陳氏は、決して産業の価値を否定しているわけではなく、社会がこの二つを取り違えてはいけないと強調する。「TSMCは台湾経済を支える存在だが、それだけで文化の高さを示すことにはならない。科学の価値とは、世界の知の体系そのものを変えることであり、商業的に数年先行することではない」。そして「根本的な問いに答えようとする人材を育てることこそ、文化と教育の使命だ」と語る。
もっとも、TSMC自身も文化の重要性を理解し、文学賞や書道賞などを通じて文学・芸術支援に取り組んでいるという。「これは、台湾社会が豊かさとともに教養や礼を重んじる方向へ進もうとする努力の現れだ。この流れが続けば、いつか必ず大きな花を咲かせるはずだ」と陳氏は期待を込めて述べた。
自信から「信念」へ 日本の揺るがぬ研究文化が示すもの 日本の研究者の姿勢について語るとき、陳培哲氏の声には敬意がにじむ。「坂口志文氏が制御性T細胞を研究した際、最初は誰も信じなかった。それが世界に認められるまで、数十年かかった。彼が続けられたのは、自分の研究に価値があると信じていたからだ」。
陳氏は、こうした「信じる力」こそが文化的自信の核心だと強調する。「日本の研究者は、自分の研究に価値があると自ら確信している。他人の承認が前提ではない。この文化的な自信が、独立した思考や独創的な研究を育てる」。
一方で、台湾社会には課題があると指摘する。「台湾人は失敗を恐れすぎ、成功を急ぎすぎる。信念も、信仰も、文化的な根もないままでは、どうして長期的な学術的成果が生まれるだろうか」。
文化的自信なき国家に、科学の尊敬は訪れない インタビューの終わりに、陳培哲氏は窓の外に目をやりながら、静かにこう語った。「台湾の問題は、お金が足りないことではなく、信念が足りないことだ」。
そして、ゆっくりと言葉を継いだ。「日本も韓国も、戦争と貧困を経験してきたが、それでも科学の価値を信じ続けてきた。台湾がいまのように大学を職業訓練校の延長として扱い続けるなら、『3つのノーベル賞』は、単なる数字のスローガンに終わるだろう。夢があり、自信があり、文化の根があってこそ意味を持つ。そうした基盤がなければ、どれだけ『333』を唱えても、それは空中楼閣にすぎない」。

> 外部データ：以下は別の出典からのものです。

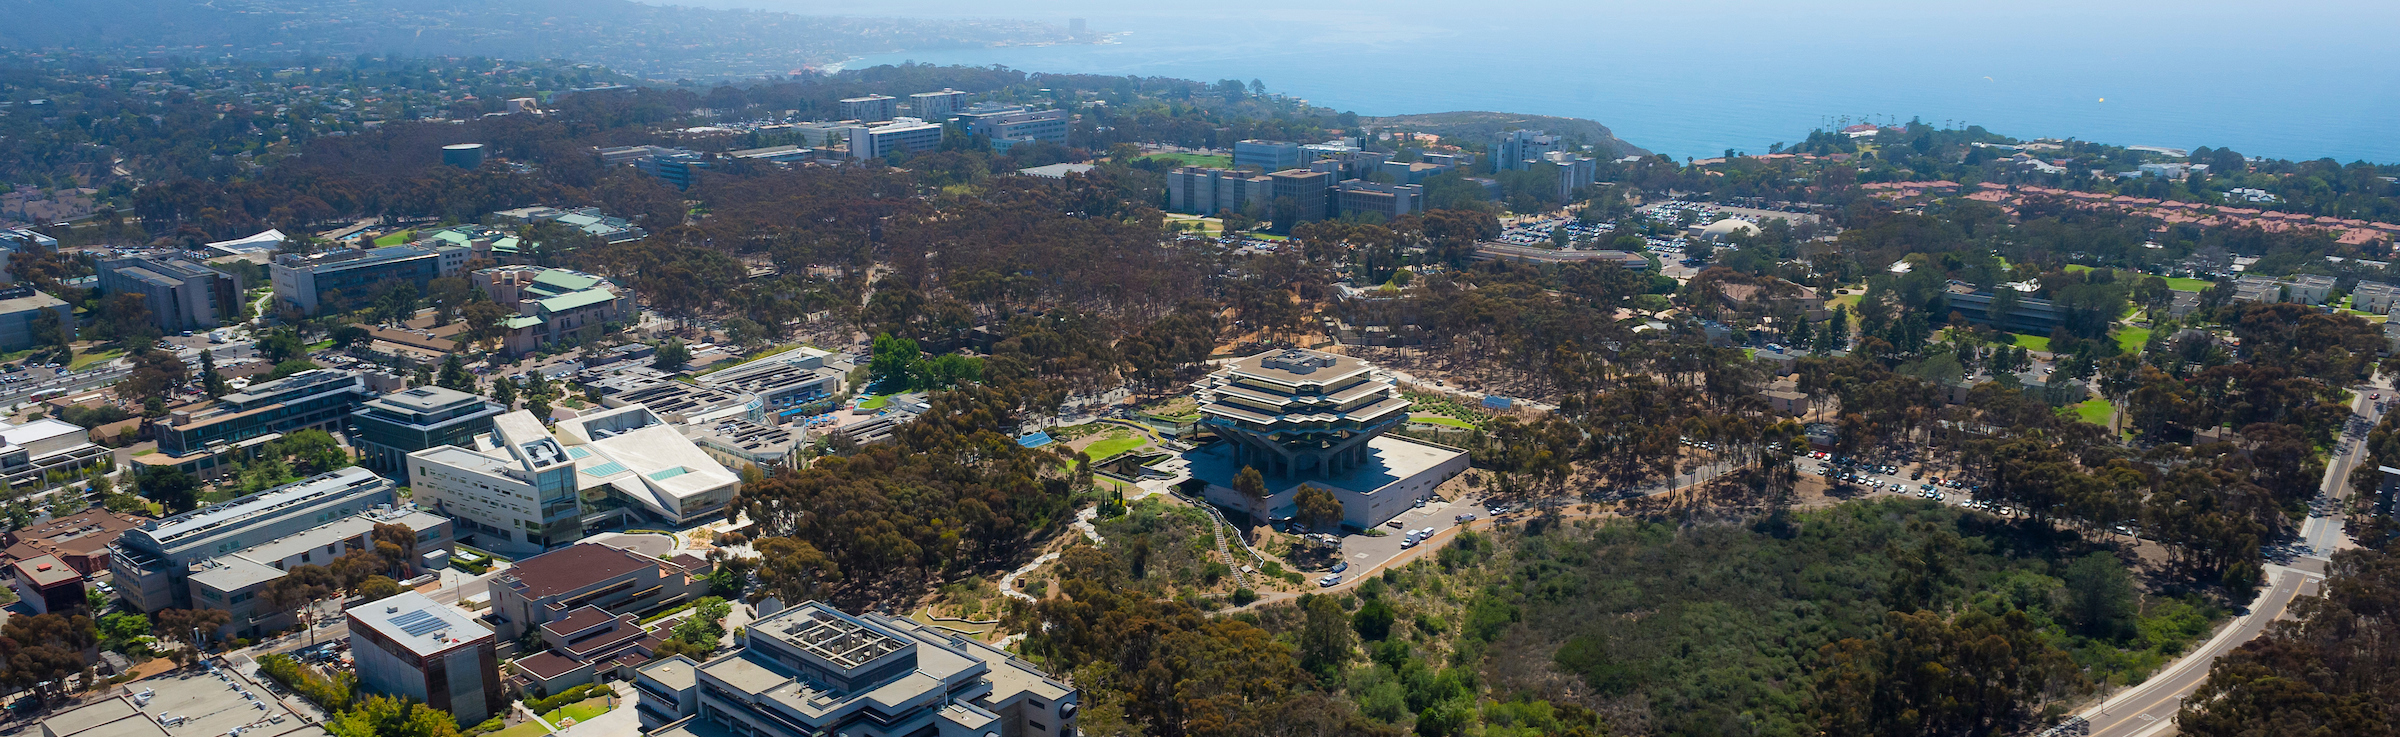 Aerial photo of campus

最後に、陳氏は台湾が「333」に近づくための具体的な提案も示した。「われわれが本当に望んでいるのは、台湾の企業家たちが志を持って資金を投じ、プリンストン大学やロックフェラー大学のような私立大学をつくることだ。研究者が生活の不安なく学問に打ち込める環境を整え、台湾の優秀な人材を育てていけば、50年後、100年後には、台湾独自の文化が育ち、それが人類全体の財産になっていくはずだ」。